In practice, STFT divides a time singal into short segments of equal length ( window_length ) and then the Fourier transform of each segment is computed. The resulting segment-frequency content can be plotted against time and it is called spectrogram.

Practically, the STFT can be summarised in these steps:

  • Take an input signal ( e.g. mp3 file)
  • Multiply the signal by a window function (e.g. Hamming function). This will help the Fourier transform to be computed at the extremes of each segment, in order to avoid possible discontinuities in the signal, which may block the Fourier Transform computation
  • Slide with a window and a hop-size window along the singal/time and compute the Fourier transform

Fig. 1 helps to better understand what STFT does. An input signal with a defined amplitude, in decibel, and time, in seconds, is encapsulated in N windows of size windowSize. Every HopSize, the window define a signal-segment, which is Fourier transformed. The output frequency, in Hertz, can be plotted as a function of time.

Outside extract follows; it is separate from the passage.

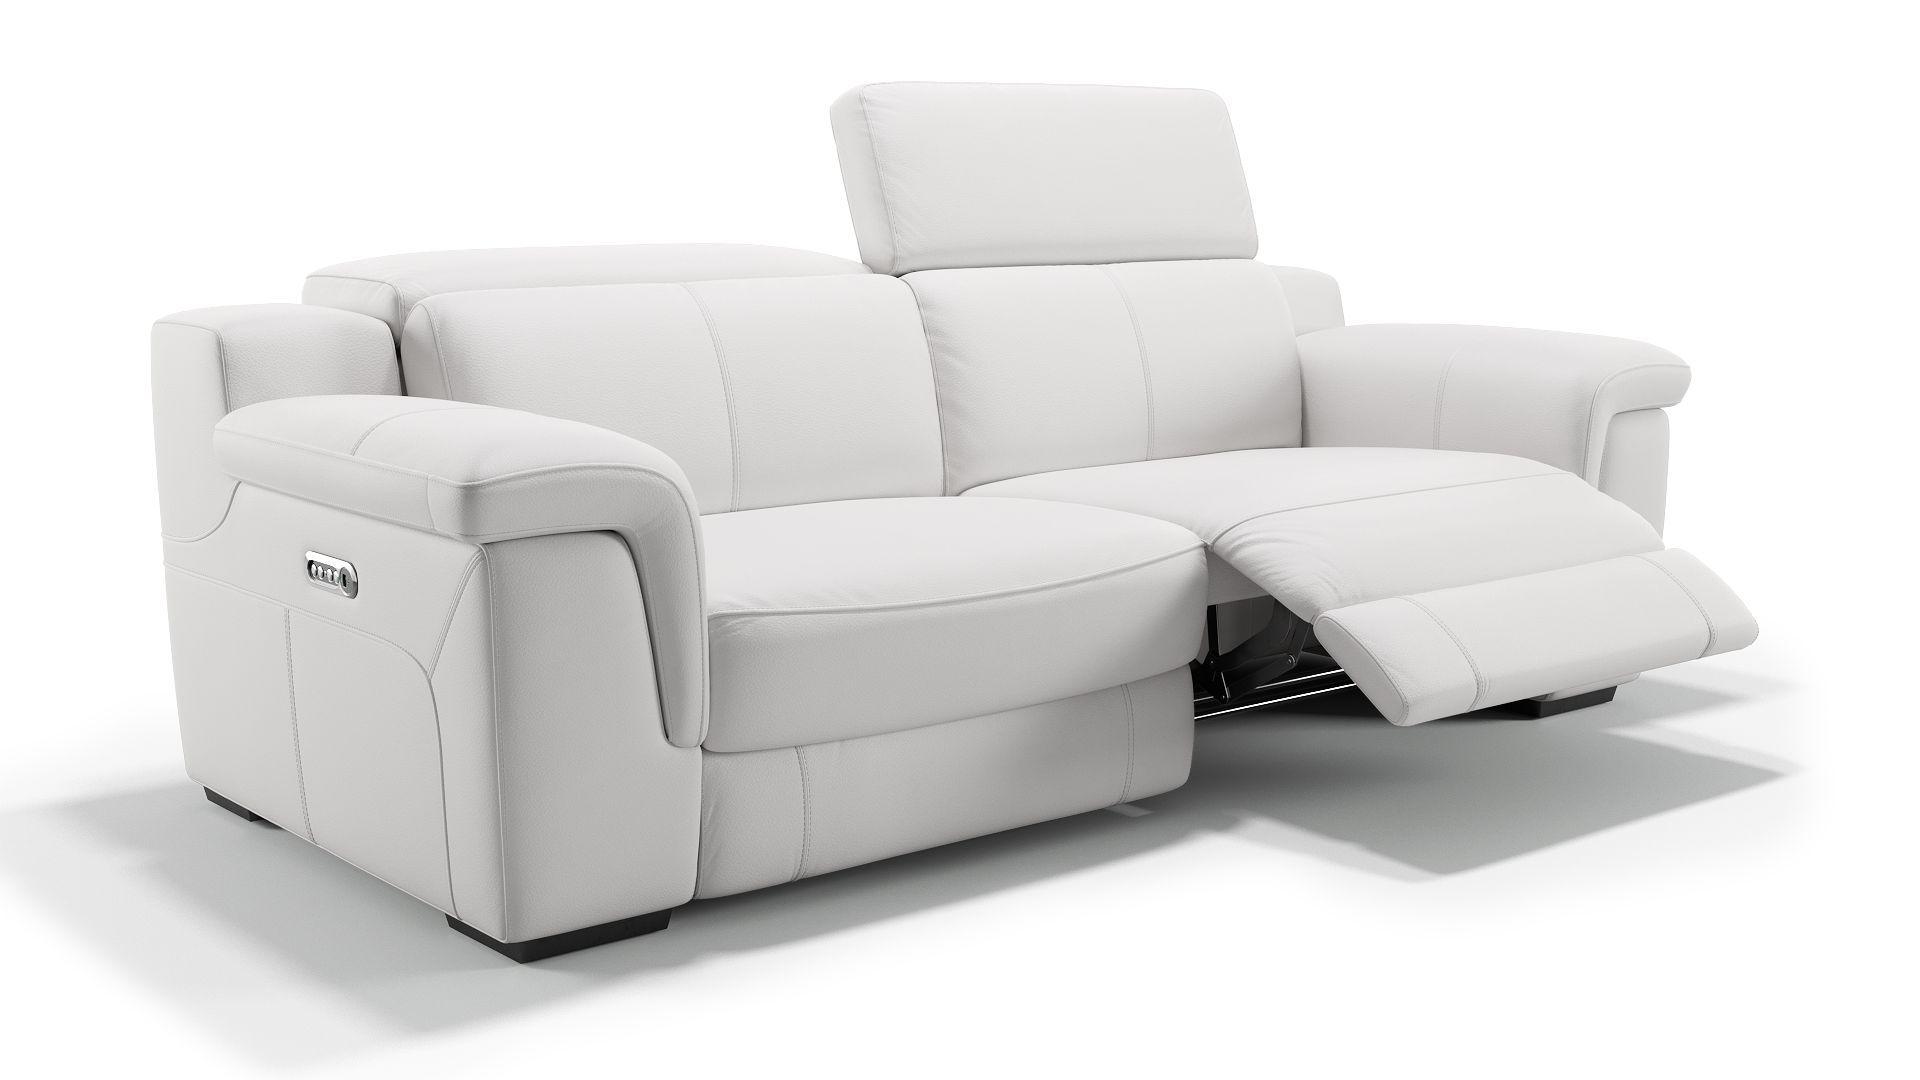 Full Size of Couch Elektrisch Geladen Was Tun Sofa Ist Statisch Aufgeladen Was Aufgeladen Warum Mein Wenn Leder Elektrische Sitztiefenverstellung Verstellbar Mit Sofa Sofa Elektrisch

Fig. 1: STFT in a nutshell. A window size and hop size are defined. For each window-segment the Fourier Transform is computed. Frequency content can then be displayed as a function of time
Fig. 1: STFT in a nutshell. A window size and hop size are defined. For each window-segment the Fourier Transform is computed. Frequency content can then be displayed as a function of time

The last thing to remember is the Nyquist frequency. If you look at the spectrogram, you will find out that the maximum plotted frequency is half of the sampling frequency of the signal, in order to avoid an issue known as aliasing in the Fourier Transform. This means that out of the N complex Fourier coefficients retrieved from a signal, with sampling frequency fs (e.g. an audio file have usually a sampling frequency of 44100 Hz) only half of these are useful, representing frequencies from 0 to fs/2

For more info I definitely recommend these very valuable and useful books:


STFT in Cython: Let’s have fun

Plan of Action

Fig. 2: Schematic implementation from Python to Cython and C
Fig. 2: Schematic implementation from Python to Cython and C

Figure 2 shows a plan of action to implement STFT in Cython and C. The entire process can be divided in three chunks, which makes use respectively of Python, Cython and C:

  1. The Python interface deals with input/output and manipulation of the signal:
  • The mp3/wav input file is opened with scipy or pydub
  • Left and right channels are isolated and only channel[:,0] is analysed
  • Padding is perform on the signal, so the total number of elements is a power of 2, which improves the performance of the Fourier transform library fftw
  1. The Cython interface translates the Pythonic inputs to memoryviews, which can then be easily passed as pointers to the C suite:
  • To have a concreate idea, fig.3 shows an example for creating a memoryview in Cython from an array of zeros, np.zeros of length n_elements

    1. The C interface performs the core STFT operations. In a nutshell:
  • Define the fftw3 library domain with the fftw elements and plan. The plan is necessary to perform the Fast Fourier Transform:

  • Create a Hamming window
  • Perform the STFT for loop: multiply input chunk by Hamming window, compute the Fast Fourier transform on the output, store half of this result.

It is very important to highlight that the current structure makes sure the most computational intense operations are performed in the C code and all the info are then returned back to Python. This allows to lower the computational cost – as many algorithms are Python implemented only and not in C – and improve the overall Python code performance.

Python Script

Code: https://github.com/Steboss/music_retrieval/blob/master/stft/installer/tester.py

The Python script handles input audio files and prepares all the info for the STFT to be performed.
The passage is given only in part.